The law firm chosen will represent Claremont in a suit already filed by Santa Monica seeking a judicial ruling on the constitutionality of a twin conflict of interest measure passed in that seaside city.
Claremont officials have contended since Measure A's passage in March that it is unconstitutional. They argue that it violates First Amendment protections of freedom of speech and freedom of association. To date, they have not enforced it.
"I respect what the voters have done," said Councilman Al Leiga. "But if there are questions about the constitutionality of what they have done then there is a problem. We need to get answers to these questions as quickly as possible."
Fifty-five percent of Claremont residents who voted in March approved Measure A, an initiative that sought to limit city officials' acceptance of gifts and outside employment.
Claremont council members voted 4-1 Tuesday to have the city join with Santa Monica in its already filed challenge of an identical measure. By joining Santa Monica's suit Claremont ensures that any ruling in that case would affect the law passed in Claremont.
The two firms being considered by Claremont are Best, Best and Krieger, which employs City Attorney Sonia Carvalho, and the Orange County firm of Richards, Watson and Gershon. Claremont officials say they expect to pick a firm by early next week.
Claremont's decision to join Santa Monica could cost the city up to $75,000 in legal fees, according to Carvalho.

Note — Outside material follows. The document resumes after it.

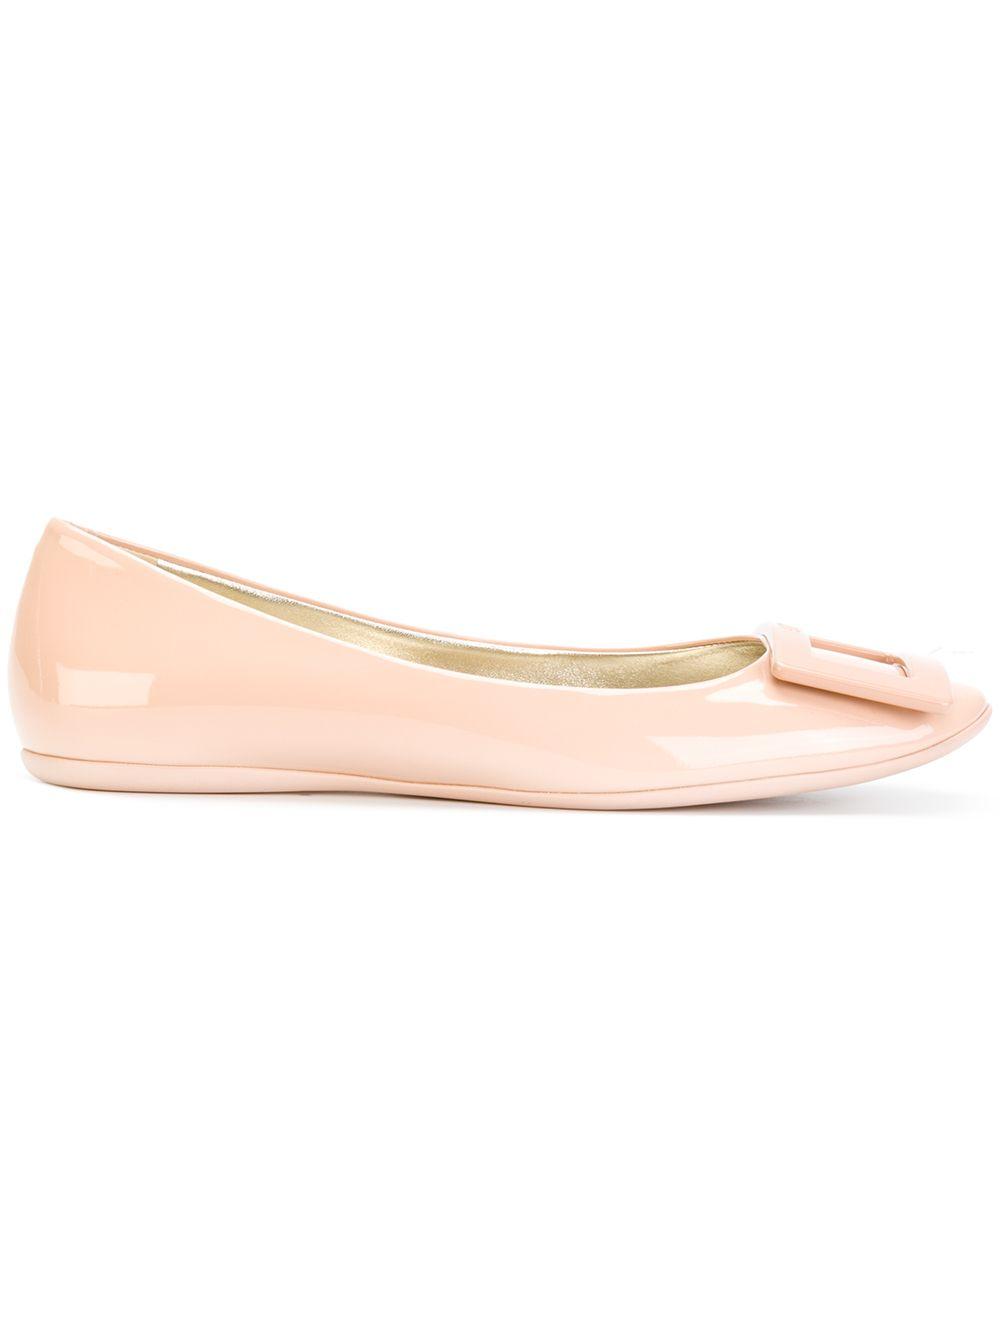 Gommette Leather Ballets
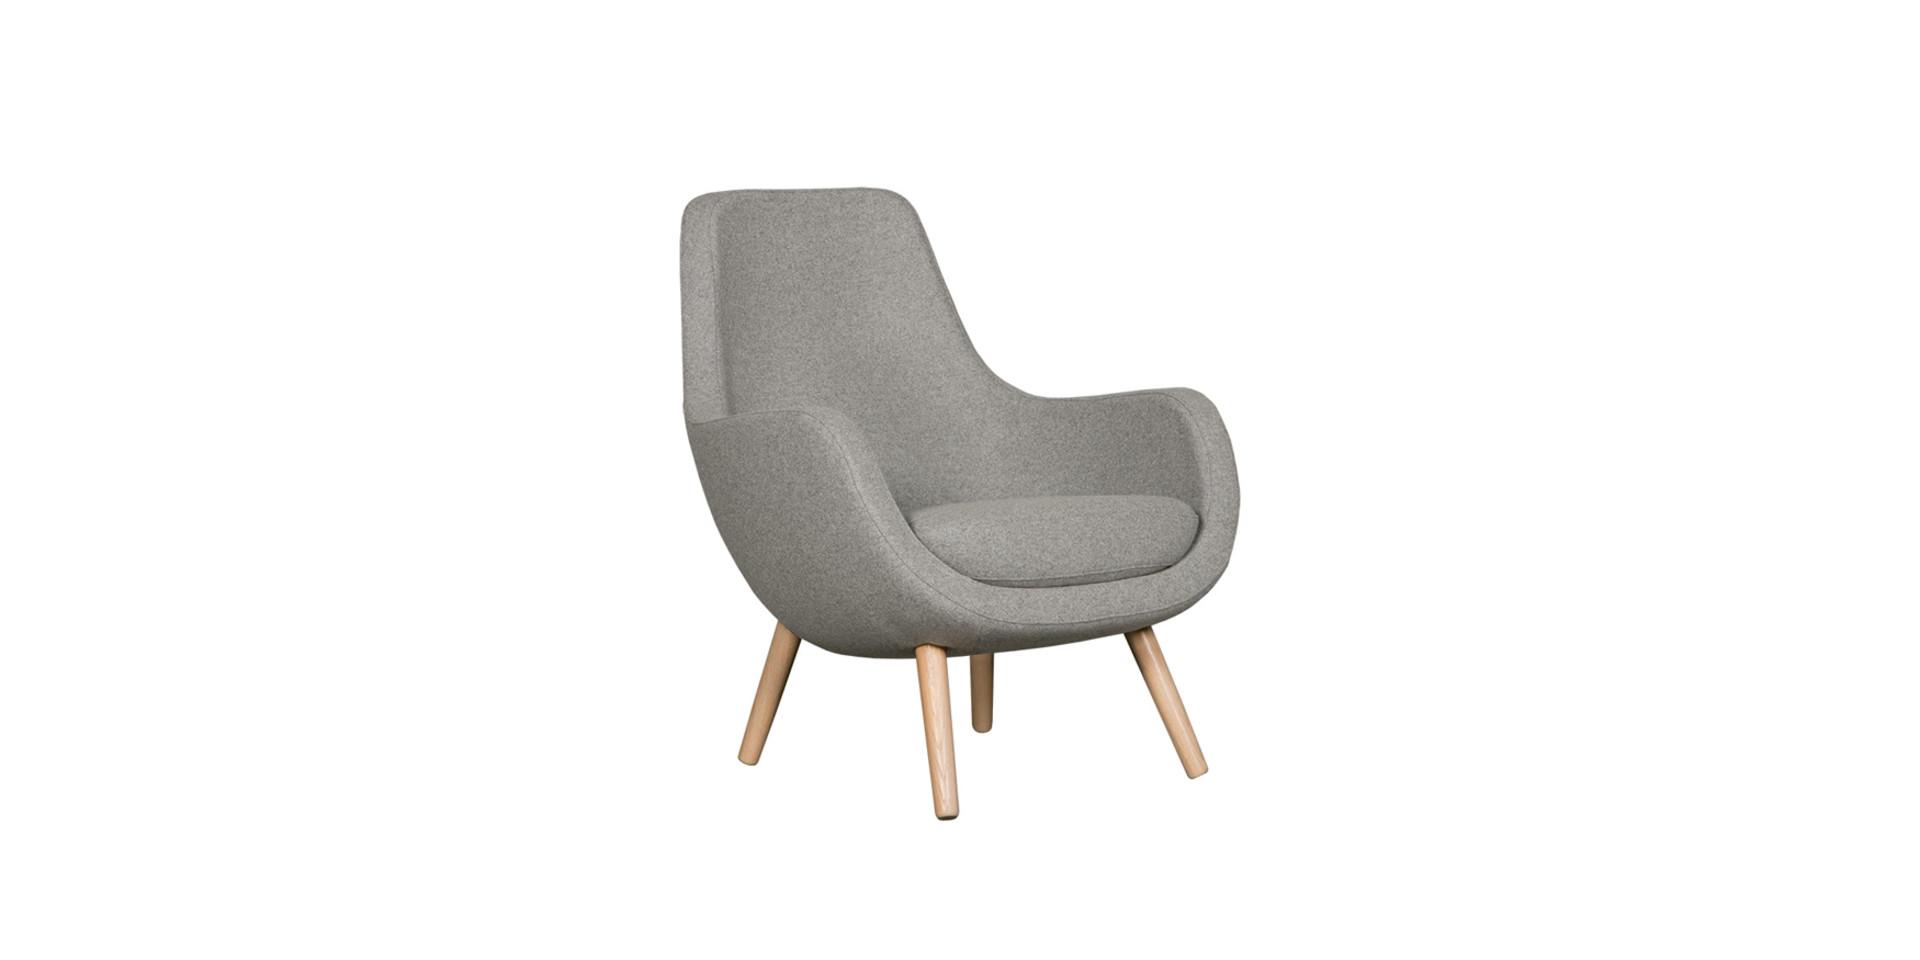 STEFANI_armchair_panno1000_light_grey_feet_oak_bleached_2

This use of public money has provoked opposition in some members of the Claremont community.
"This is a slap in the face of voters and taxpayers," said Sue Castagnetto, a Claremont resident and volunteer with the Oaks Project - the nonprofit political advocacy group that was responsible for getting the measure on the ballot in Claremont and five other California cities including Santa Monica. "To commit potentially huge amounts of taxpayer dollars to fight an initiative which protects taxpayer dollars is more than a little ironic," she added.
Mayor Paul Held responded Thursday to such thinking, saying that the council was acting out the will of the public in seeking to bring a quick resolution to the lingering issues of constitutionality.
"Even though there is concern among all of us about spending money to do this, there is a sense that we got from most of the public that we need to get closure on this issue," said Held. "What we did Tuesday is consistent with what we have heard from the public."